▶ [What to produce]
Return only the lines running from the top of the entries to the line with "Classic Ford Cars", inclusive, exactly as written.

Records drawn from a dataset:
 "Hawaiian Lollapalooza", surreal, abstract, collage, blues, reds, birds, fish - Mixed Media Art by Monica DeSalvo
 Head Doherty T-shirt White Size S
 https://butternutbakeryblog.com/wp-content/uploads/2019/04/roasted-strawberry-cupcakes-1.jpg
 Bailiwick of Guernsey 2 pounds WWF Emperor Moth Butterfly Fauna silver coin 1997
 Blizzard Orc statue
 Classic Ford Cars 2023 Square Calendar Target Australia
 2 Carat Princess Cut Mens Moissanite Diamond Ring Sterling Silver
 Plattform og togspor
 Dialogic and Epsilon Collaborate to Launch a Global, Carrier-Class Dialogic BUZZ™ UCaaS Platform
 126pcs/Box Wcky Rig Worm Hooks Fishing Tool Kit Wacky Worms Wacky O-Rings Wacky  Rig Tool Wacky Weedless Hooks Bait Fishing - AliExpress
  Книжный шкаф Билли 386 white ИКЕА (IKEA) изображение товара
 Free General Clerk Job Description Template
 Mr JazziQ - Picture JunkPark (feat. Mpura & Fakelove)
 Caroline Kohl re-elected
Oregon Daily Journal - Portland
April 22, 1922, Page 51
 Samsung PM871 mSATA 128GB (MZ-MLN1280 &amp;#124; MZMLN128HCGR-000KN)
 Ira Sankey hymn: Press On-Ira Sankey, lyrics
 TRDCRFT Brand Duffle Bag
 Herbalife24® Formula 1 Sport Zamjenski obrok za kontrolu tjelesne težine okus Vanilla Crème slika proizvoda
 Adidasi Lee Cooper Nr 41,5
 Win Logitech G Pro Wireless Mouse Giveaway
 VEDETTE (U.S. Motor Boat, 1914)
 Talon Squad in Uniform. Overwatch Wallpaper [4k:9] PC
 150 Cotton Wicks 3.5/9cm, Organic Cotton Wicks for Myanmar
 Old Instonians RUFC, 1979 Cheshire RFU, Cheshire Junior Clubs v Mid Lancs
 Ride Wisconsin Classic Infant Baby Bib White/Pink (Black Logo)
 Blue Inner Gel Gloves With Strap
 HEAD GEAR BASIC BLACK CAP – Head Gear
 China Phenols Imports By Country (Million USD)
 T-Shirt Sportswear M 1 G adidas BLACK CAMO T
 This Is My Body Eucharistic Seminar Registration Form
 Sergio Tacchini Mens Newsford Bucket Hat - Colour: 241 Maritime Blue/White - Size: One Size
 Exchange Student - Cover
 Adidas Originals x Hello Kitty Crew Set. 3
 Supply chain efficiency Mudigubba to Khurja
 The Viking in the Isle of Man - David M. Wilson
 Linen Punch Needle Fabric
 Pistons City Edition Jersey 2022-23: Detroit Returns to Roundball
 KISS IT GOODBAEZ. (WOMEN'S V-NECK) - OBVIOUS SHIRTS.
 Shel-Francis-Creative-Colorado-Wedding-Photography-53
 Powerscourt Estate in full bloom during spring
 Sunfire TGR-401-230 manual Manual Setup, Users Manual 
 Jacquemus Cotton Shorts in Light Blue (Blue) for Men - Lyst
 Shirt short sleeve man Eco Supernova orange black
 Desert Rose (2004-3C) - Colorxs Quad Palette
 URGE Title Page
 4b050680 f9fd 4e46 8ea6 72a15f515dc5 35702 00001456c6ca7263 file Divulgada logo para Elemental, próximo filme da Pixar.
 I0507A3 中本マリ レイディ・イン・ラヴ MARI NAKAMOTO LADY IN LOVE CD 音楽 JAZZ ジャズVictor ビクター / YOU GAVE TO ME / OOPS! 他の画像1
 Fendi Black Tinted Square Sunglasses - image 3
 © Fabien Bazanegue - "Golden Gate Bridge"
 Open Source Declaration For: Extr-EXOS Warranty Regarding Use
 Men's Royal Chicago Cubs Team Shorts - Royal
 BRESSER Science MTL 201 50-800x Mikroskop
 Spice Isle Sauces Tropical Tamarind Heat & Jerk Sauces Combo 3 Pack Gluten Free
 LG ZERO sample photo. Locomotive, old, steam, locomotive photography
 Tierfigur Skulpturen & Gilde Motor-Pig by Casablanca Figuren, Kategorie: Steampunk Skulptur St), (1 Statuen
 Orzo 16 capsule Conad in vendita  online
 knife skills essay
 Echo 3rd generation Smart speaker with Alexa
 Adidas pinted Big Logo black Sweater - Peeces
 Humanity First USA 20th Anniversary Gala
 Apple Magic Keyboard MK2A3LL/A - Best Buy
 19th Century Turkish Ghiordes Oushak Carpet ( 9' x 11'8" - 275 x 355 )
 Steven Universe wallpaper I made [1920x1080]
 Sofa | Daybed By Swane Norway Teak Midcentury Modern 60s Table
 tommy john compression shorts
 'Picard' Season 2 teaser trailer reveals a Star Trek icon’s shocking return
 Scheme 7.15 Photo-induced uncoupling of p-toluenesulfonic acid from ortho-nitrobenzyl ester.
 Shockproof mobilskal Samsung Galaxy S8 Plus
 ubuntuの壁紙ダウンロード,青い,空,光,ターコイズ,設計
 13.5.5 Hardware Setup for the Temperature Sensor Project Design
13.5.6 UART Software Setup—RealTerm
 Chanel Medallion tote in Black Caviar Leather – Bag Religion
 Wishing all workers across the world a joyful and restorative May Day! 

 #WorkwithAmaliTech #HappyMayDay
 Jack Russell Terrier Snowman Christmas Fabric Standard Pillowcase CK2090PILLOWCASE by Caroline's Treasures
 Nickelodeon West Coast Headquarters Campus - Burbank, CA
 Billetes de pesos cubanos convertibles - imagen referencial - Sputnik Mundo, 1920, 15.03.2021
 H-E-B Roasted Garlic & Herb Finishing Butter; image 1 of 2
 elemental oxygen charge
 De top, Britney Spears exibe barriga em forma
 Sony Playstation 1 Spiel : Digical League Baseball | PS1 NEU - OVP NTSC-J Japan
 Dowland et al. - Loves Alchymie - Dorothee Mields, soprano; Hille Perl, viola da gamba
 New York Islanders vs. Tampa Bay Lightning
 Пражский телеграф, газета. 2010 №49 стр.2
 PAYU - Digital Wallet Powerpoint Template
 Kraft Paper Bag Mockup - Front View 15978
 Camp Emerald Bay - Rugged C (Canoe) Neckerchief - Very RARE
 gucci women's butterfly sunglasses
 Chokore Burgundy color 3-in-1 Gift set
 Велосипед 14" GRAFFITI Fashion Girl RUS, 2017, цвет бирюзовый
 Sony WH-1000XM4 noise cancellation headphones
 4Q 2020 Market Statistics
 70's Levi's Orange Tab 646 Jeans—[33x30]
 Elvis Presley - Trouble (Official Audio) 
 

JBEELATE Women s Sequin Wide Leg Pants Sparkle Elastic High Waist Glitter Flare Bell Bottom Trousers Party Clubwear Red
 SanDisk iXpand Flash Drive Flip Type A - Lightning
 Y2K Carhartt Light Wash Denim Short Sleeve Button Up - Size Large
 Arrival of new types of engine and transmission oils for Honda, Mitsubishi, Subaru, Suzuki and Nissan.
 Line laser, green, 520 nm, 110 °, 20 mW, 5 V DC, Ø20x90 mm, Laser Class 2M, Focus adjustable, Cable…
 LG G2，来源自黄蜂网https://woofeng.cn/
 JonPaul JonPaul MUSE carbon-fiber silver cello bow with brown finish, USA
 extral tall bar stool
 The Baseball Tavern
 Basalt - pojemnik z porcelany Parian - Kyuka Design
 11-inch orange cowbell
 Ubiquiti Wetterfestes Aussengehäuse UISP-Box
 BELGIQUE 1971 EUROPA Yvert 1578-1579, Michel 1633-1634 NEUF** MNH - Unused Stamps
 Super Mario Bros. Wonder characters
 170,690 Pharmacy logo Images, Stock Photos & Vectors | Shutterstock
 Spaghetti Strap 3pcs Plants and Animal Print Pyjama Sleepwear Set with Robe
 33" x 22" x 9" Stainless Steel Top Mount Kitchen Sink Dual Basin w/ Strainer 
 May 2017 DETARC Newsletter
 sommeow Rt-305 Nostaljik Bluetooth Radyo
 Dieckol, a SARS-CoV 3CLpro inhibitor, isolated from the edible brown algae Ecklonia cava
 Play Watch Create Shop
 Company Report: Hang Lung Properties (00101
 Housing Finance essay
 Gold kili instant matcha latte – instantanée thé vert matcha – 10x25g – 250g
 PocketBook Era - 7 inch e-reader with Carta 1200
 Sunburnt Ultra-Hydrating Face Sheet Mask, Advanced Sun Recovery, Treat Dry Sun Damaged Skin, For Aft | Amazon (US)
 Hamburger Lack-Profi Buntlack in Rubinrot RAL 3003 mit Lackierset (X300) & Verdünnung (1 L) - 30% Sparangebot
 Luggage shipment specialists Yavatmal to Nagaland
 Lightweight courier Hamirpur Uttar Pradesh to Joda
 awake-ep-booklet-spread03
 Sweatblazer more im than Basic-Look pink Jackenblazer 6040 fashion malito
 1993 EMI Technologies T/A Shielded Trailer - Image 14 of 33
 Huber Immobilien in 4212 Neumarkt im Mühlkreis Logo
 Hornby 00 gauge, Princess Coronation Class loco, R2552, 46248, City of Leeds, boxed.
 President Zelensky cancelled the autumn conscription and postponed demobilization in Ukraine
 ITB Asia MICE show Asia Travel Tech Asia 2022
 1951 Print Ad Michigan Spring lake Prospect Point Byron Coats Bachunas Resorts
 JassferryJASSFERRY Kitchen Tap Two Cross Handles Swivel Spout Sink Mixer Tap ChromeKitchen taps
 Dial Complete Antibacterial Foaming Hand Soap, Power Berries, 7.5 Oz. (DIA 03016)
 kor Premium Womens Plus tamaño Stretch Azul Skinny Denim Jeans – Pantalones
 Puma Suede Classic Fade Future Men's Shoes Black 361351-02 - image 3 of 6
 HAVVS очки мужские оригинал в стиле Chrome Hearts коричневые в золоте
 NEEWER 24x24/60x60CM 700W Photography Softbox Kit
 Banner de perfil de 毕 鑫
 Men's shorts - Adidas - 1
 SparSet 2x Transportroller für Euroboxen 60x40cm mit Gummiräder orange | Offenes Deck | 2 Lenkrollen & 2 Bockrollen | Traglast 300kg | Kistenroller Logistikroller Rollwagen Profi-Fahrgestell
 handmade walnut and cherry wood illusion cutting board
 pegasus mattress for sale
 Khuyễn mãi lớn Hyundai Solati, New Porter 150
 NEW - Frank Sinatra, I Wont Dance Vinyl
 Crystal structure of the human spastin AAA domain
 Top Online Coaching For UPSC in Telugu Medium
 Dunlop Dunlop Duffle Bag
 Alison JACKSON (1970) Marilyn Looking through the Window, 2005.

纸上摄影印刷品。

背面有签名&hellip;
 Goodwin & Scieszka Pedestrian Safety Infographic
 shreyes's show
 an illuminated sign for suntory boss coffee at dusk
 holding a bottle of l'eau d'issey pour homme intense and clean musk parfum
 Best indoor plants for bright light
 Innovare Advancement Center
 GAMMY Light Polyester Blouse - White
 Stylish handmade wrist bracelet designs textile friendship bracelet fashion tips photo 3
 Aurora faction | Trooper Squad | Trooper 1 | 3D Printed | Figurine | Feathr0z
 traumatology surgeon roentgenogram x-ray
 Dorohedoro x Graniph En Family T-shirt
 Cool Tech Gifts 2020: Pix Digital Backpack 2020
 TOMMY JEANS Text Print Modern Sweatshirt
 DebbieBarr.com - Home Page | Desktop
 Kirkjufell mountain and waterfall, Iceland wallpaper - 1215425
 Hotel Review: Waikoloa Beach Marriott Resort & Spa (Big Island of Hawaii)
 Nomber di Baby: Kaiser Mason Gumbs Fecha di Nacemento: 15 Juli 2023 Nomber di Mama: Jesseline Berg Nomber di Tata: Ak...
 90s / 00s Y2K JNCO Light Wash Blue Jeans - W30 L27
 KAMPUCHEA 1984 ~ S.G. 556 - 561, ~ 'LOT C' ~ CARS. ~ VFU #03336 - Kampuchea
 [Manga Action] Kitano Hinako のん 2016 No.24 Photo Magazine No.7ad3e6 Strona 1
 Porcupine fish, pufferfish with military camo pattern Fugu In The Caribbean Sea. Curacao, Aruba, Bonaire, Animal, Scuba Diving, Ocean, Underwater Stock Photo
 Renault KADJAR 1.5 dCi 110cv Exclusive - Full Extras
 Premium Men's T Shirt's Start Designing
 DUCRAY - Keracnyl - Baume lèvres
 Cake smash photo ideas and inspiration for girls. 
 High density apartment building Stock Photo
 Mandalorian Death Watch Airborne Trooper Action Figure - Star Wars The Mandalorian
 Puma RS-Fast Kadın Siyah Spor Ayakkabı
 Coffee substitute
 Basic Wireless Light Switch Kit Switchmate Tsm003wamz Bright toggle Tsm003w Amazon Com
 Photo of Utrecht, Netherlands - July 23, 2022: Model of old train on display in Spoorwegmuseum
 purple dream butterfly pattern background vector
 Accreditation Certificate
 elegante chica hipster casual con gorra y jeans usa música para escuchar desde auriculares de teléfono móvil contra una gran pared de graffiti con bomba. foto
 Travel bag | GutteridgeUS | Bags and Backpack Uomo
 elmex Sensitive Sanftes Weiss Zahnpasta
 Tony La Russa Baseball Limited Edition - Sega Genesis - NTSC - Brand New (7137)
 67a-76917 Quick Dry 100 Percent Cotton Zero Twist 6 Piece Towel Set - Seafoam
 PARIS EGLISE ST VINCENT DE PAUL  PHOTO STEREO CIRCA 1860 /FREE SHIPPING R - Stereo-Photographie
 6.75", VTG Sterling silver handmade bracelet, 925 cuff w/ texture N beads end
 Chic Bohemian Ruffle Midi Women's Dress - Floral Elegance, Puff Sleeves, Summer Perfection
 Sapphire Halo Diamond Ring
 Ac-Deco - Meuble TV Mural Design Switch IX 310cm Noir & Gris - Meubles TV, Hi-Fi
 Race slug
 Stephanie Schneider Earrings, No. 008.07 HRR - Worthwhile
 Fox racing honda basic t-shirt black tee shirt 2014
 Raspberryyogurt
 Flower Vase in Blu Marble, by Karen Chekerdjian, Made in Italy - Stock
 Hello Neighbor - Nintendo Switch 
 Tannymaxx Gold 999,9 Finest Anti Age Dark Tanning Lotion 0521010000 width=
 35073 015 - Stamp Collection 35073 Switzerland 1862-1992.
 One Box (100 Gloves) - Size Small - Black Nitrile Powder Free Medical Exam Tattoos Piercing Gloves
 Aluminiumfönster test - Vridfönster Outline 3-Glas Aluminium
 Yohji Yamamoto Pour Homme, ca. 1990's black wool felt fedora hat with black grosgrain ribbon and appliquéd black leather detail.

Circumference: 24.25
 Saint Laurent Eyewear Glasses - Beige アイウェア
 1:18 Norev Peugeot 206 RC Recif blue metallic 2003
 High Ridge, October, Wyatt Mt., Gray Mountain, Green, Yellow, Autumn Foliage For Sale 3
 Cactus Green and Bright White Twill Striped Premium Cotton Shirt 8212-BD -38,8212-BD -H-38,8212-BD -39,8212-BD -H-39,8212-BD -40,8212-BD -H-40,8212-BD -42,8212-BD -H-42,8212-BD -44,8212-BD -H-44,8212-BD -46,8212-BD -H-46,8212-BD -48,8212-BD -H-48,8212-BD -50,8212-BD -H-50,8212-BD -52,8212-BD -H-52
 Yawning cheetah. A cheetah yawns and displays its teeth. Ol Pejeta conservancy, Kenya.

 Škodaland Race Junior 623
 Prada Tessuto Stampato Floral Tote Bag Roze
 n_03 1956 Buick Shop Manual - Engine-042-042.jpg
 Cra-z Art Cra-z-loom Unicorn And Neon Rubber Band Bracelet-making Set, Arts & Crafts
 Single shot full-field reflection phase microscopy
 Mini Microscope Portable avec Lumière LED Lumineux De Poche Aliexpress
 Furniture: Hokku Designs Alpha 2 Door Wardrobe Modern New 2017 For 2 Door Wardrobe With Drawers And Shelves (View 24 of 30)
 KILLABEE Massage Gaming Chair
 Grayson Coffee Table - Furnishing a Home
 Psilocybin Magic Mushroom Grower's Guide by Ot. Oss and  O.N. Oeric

▶ [Answer space]
 "Hawaiian Lollapalooza", surreal, abstract, collage, blues, reds, birds, fish - Mixed Media Art by Monica DeSalvo
 Head Doherty T-shirt White Size S
 https://butternutbakeryblog.com/wp-content/uploads/2019/04/roasted-strawberry-cupcakes-1.jpg
 Bailiwick of Guernsey 2 pounds WWF Emperor Moth Butterfly Fauna silver coin 1997
 Blizzard Orc statue
 Classic Ford Cars 2023 Square Calendar Target Australia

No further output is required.